All Primes 1-100,000
Counted Occurances:
1193, 1129, 1097, 1069, 1055, 1013, 1027, 1003, 1006
Frequencies:
0.124, 0.118, 0.114, 0.111, 0.110, 0.106, 0.107, 0.105, 0.105

All Primes 1-1,000,000
Counted Occurances:
9585, 9142, 8960, 8747, 8615, 8458, 8435, 8326, 8230
Frequencies:
0.122, 0.116, 0.114, 0.111, 0.110, 0.108, 0.107, 0.106, 0.105

All Primes 1-10,000,000
Counted Occurances:
80020, 77025, 75290, 74114, 72951, 72257, 71564, 71038, 70320
Frequencies:
0.120, 0.116, 0.113, 0.112, 0.110, 0.109, 0.108, 0.107, 0.106

This is the raw data so to turn that into something visual, I dumped it into a Google spreadsheet and made it public (note the scale on the y axis). Enjoy!

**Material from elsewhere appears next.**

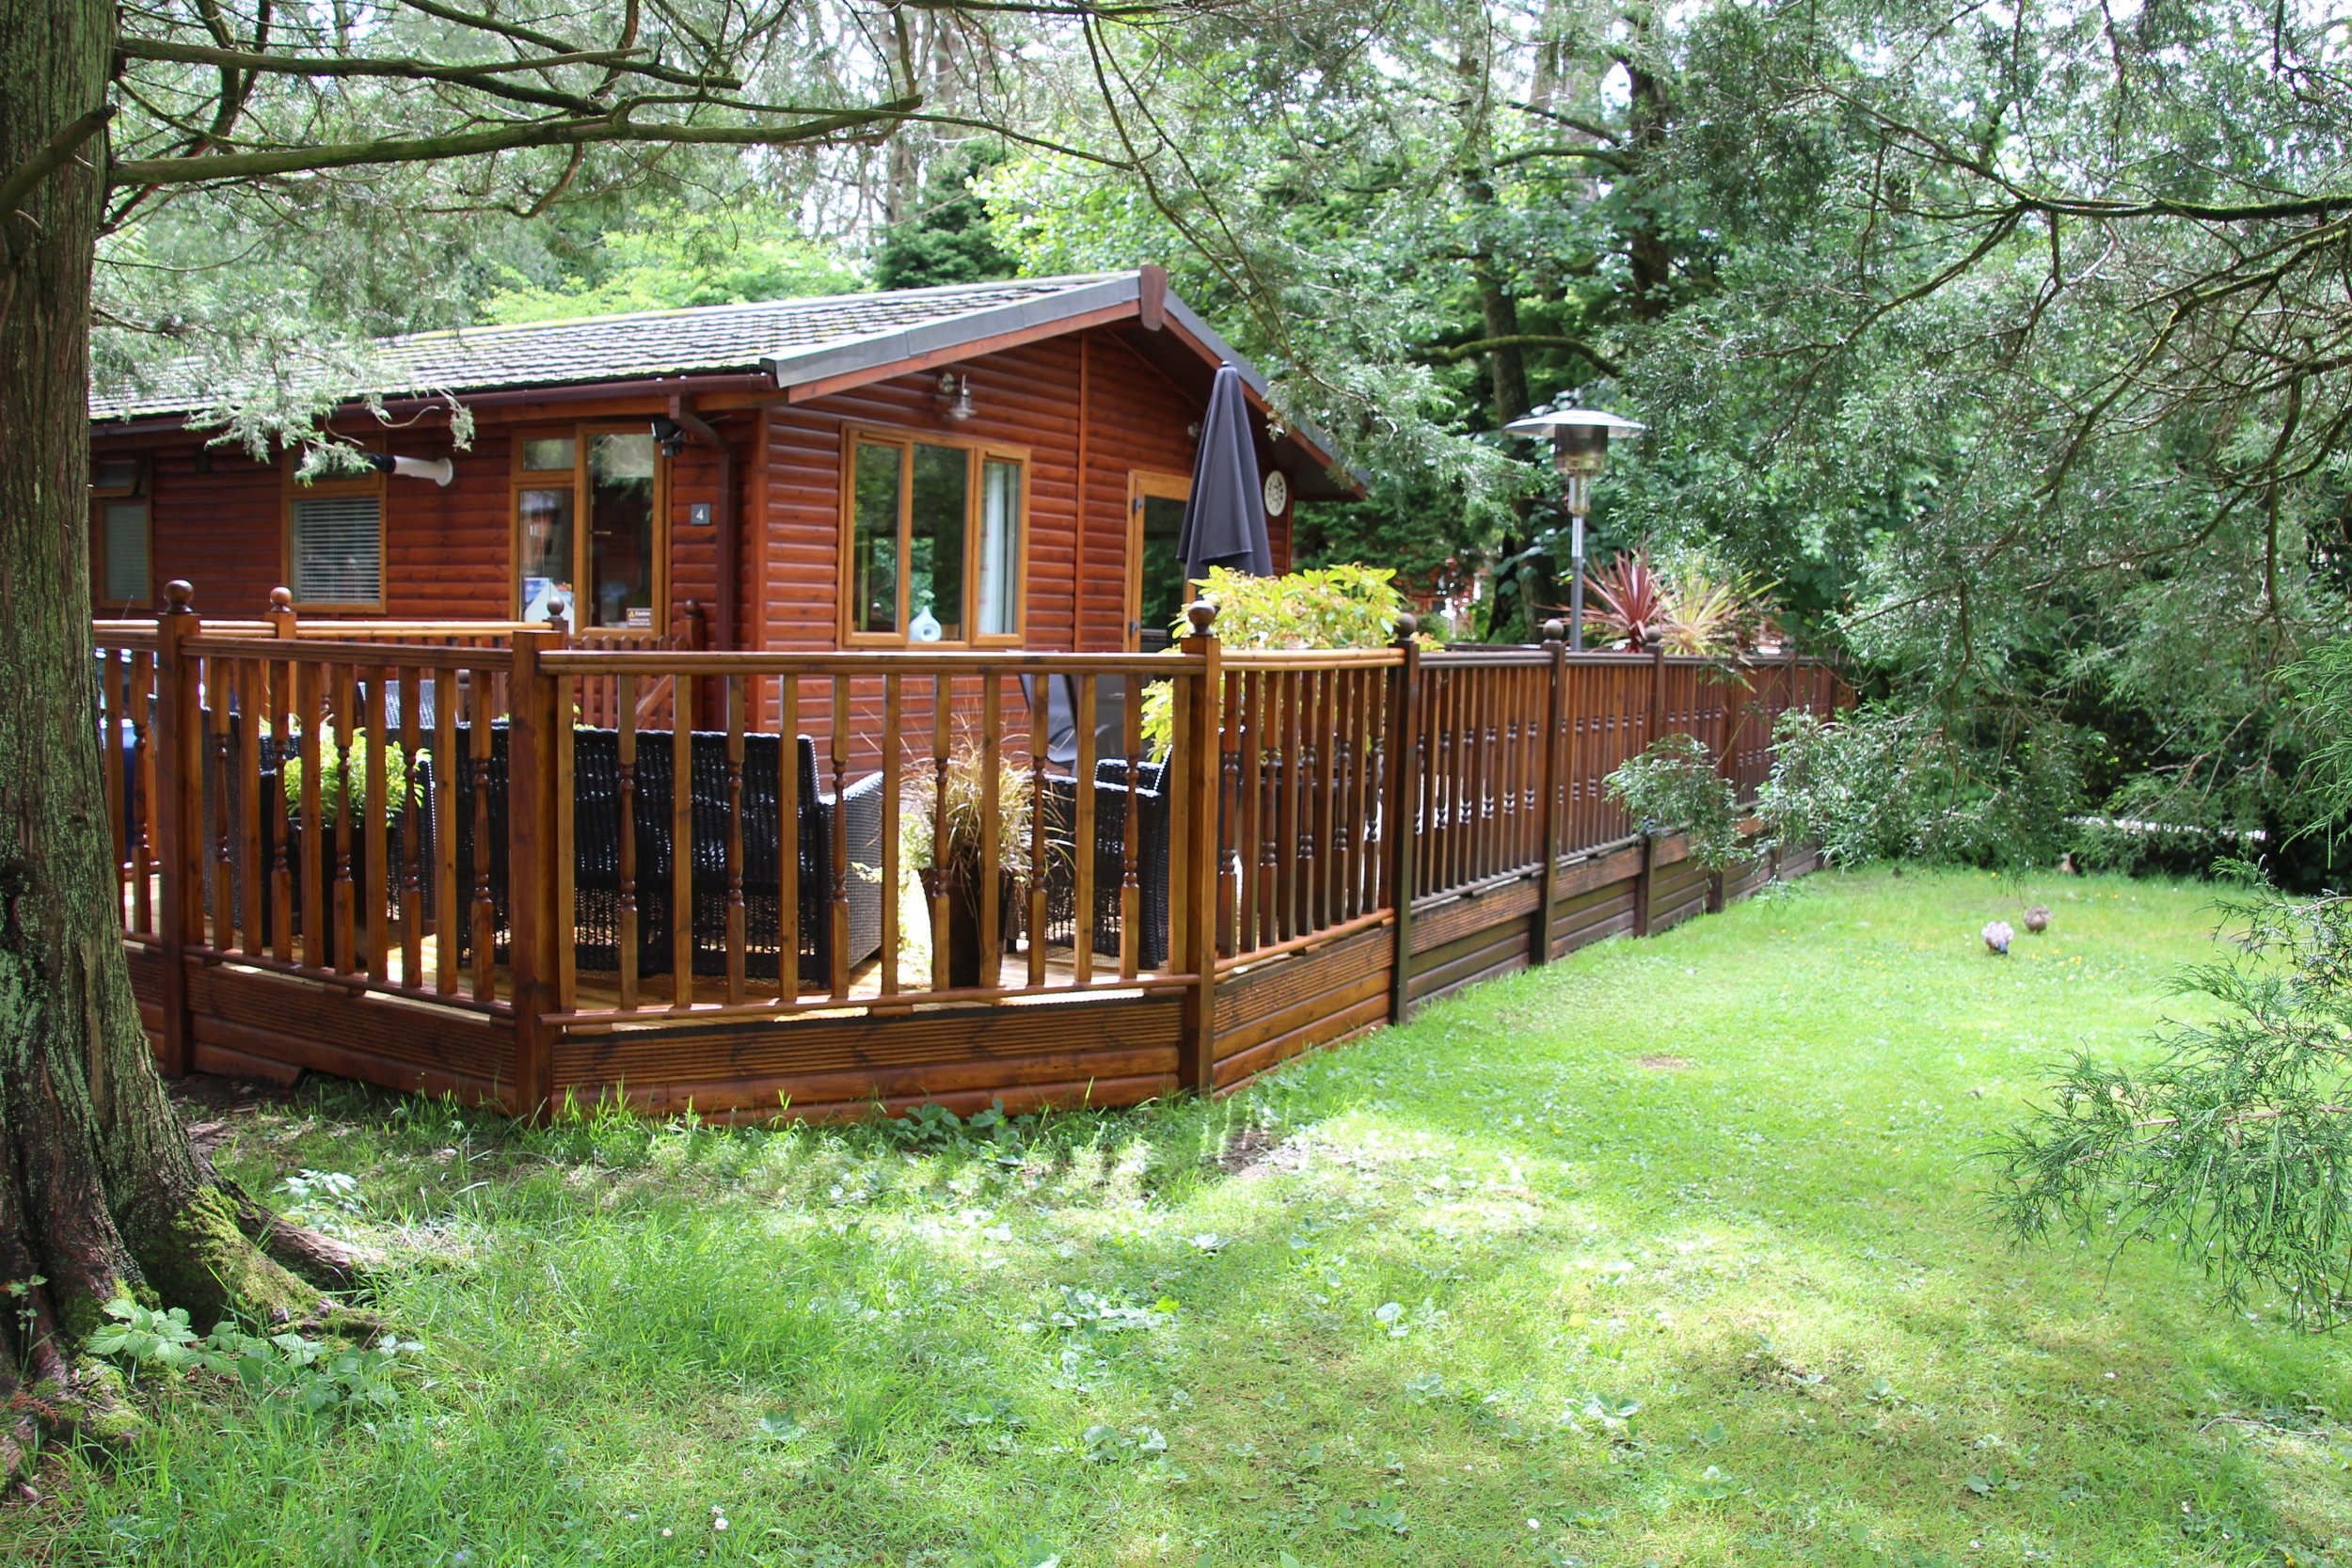 West-facing outdoor deck

It seems that the curve is flattening out the more data I collect, but the logarithmic curve may be valid. I have the data for 100,000,000 and will add that to the spreadsheet once it completes.

Re:Surprising?

[polemistes]

Actually, if you read the decimals of pi backwards, you'll get all the primes after each other.

I Found a Fit!

[eldavojohn]

The results for all primes between one and one hundred million:

Counted Occurances:
686048, 664277, 651085, 641594, 633932, 628206, 622882, 618610, 614821
Frequencies:
0.119, 0.115, 0.113, 0.111, 0.110, 0.109, 0.108, 0.107, 0.107

So there's some more data for you. I added that to this spreadsheet.

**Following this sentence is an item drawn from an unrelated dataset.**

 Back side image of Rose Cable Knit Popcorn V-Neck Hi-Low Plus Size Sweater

So I hope that satisfies everyone who replied to my thread first of all. I hope 5,761,455 primes between one and one hundred million satisfies you.

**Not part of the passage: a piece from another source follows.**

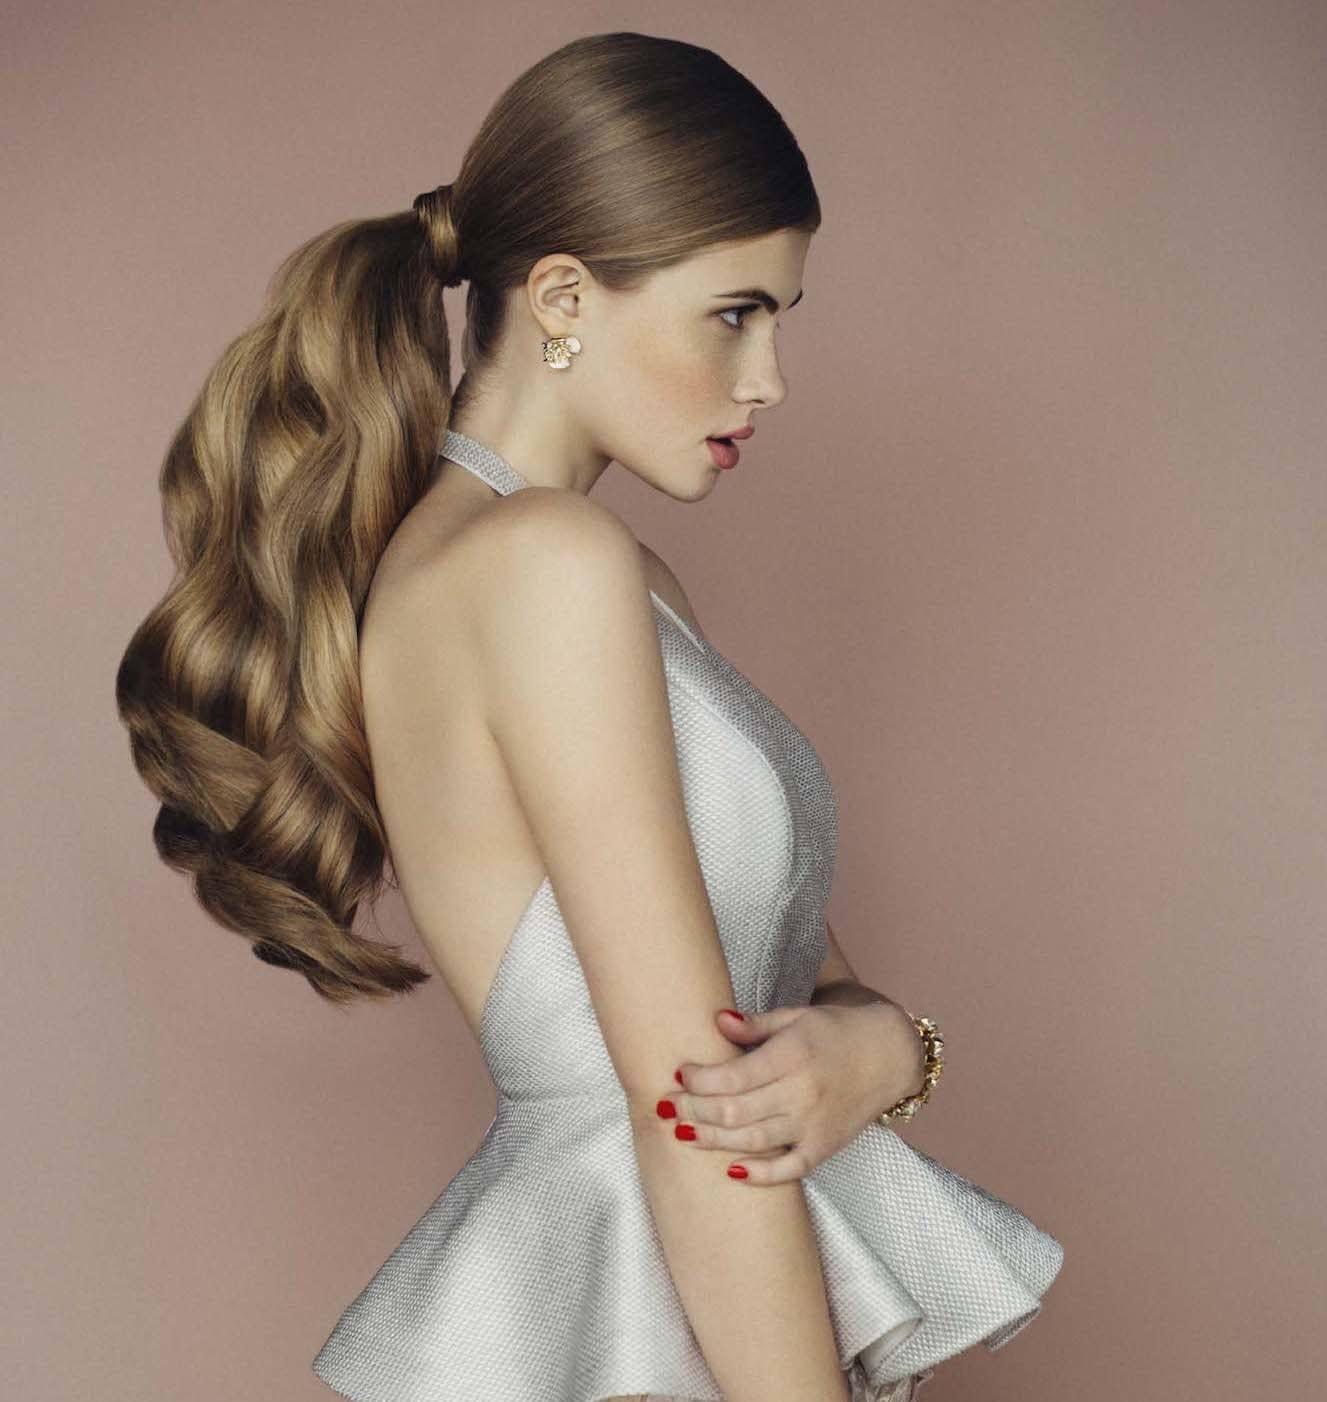 Cara menata rambut panjang untuk pesta gaya ponytail ikal.

I used a very simple Non Linear Squares model to solve for a single constant on a log of these values. I think I have a fit. Using Benford's model and the NLS Package in R, I found:

f(x) = 0.020814 * log(161.147689 * ((x+1)/x))

To fit quite nicely, here's the summary:

Formula: y ~ Const1 * log(Const2 * ((x + 1)/x))

Parameters:
Estimate Std. Error t value Pr(>|t|)
Const1 0.020814 0.001940 10.7292 1.343e-05 ***
Const2 161.147689 80.222081 2.0088 0.08452 .
---

Residual standard error: 0.0010413 on 7 degrees of freedom

Number of iterations to convergence: 8
Achieved convergence tolerance: 1.8104e-07

Here is the list of frequencies next to what my model produced:

Benford Prime Rates
0.11907548
0.11529674
0.11300704
0.11135972
0.11002984
0.10903600
0.10811193
0.10737045
0.10671280

NLS Model Results
0.1202106
0.11422279
0.11177125
0.11042794
0.10957828
0.10899193
0.10856276
0.10823497
0.10797641

I would wager that they are correct. Neat discovery!

Re:Other bases?

[Blakey+Rat]

The whole of mathematics is really just a language of form and structure, a system to systematize and decribe structure and forms (relationships are a type of form).

So... mathematics is the vaguest thing possible?